This duality I think, is a fundamental archetype for humankind as a whole, and is a deeply pregnant source of meaning, however, it's just not adequately represented in the modern-day discourse, probably because most people have not contemplated its beauty. 

The idea itself is pretty simple, there are two opposing things and their dynamic interplay is like a game to observe (as in, it is happening right now, when you cognize the image). There are quite a few things to understand from observing this game, the picture of Yin and Yang is rather conducive to this discussion. 

  1. Neither of these things exists without the other. I am reminded of a metaphor I read about somewhere which comes from Christian mysticism- the 'father-ness' of the father is given to him by the son being the son in the same way as the 'son-ness' of a son is given to him by the father being the father. There is no form without potentiality to contrast itself to, there is no order without chaos to contrast it with, and perhaps critically, there is no "masculinity" to exert without a polarized romanticized (or perhaps archetypal) idea of the feminine to assert itself against and vice versa.
  2. In the dynamic interplay (I like the word root play here because it portrays the exact sense of playfulness and the whole plethora of emotions and movements involved in the contrasting interactions of these archetypes, which is 'alive' in a Krishnamurtian sense) of these two opposing properties they are 'sublated' to a higher unity. (this is very Hegelian language, but what I want to convey with the word sublate here is the sense in which he used the word 'aufhebung' from German. A blog somewhere described this word beautifully as in a sense when something is lifted from the ground, it is no longer present on the ground, in a sense having been canceled, but the truth of the assertion has also been lifted up to a higher transcendent unity). This is perhaps best displayed by Kashmiri Shaivism, and how it connects to Tantra, the sexual union being realized as this transcendent unity. shiva is form, structure, and masculinity, Shakti is creativity, energy, and femininity and through the polarized union between the two, a higher unity may be intuited or experienced. 

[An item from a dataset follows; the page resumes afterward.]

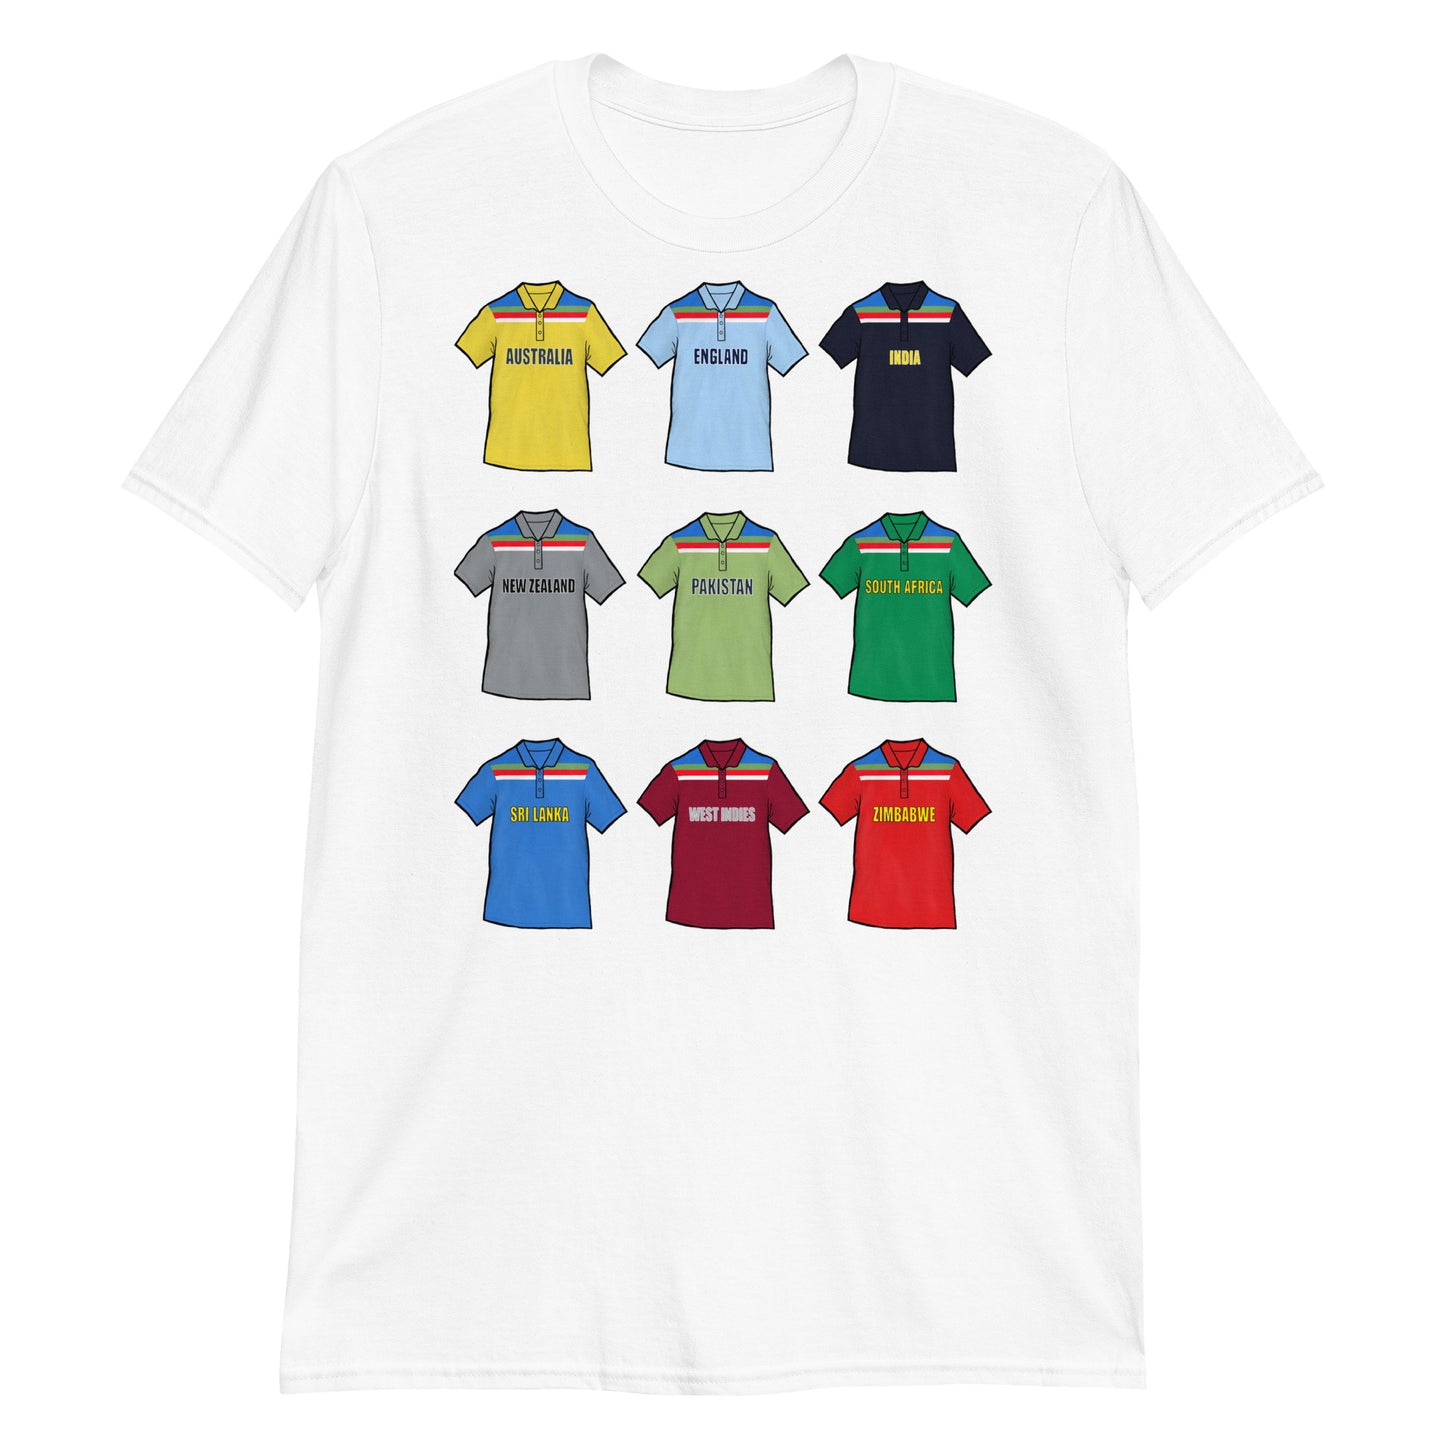 White Cricket T-shirt with illustrated artwork on them. Featuring nations Australia, England, India, New Zealand, Pakistan, South Africa, Sri Lanka, West Indies & Zimbabwe

  3. This also reminds me of a talk I heard by Ram Dass, where he was talking about this concept of duality and Advaita. If we assume that at a higher abstract level, the things that they are trying to refer to are the same, In dualism's breaking things down to their particular and seeing the interactions between them there is still beauty. It is in a sense the essence of curiosity and wonder, the sense of walking through a garden and really deeply observing each plant, how life itself has dynamically evolved into these myriad different forms. He mentioned it in the context of people who prayed to Krishna, how by continuous devotion, the dualist eventually realizes the transcendent unity between her and the other, however, she is so entranced and enraptured by this "Leela" (which is the word I was referring to in one of the blogs earlier) that they would rather continue experiencing this exponential ever-expanding movement (which I daresay, in relating to Wolfram's computational model of the universe, seems like the universe's hypergraphs computational evolution to its next step), from their privileged yet limited perspective as an observer in the process, instead of being integrated again into the being of it. As someone who was previously opposed to dualistic forms of religion (which for me at this point just seems like a coherentist dialectical approach to metaphysics which almost always ends up landing into nonduality), this perspective opened my eyes to appreciating dualism. However, I am still skeptical of how many dualists actually end up imbibing this view (which seems like it comes about after intense devotion), and in this age of intense focus on analytic movements of thought, whether they would have been unable to realize non-dual teachings (at least intellectually) directly as propagated by Bernardo Kastrup for example.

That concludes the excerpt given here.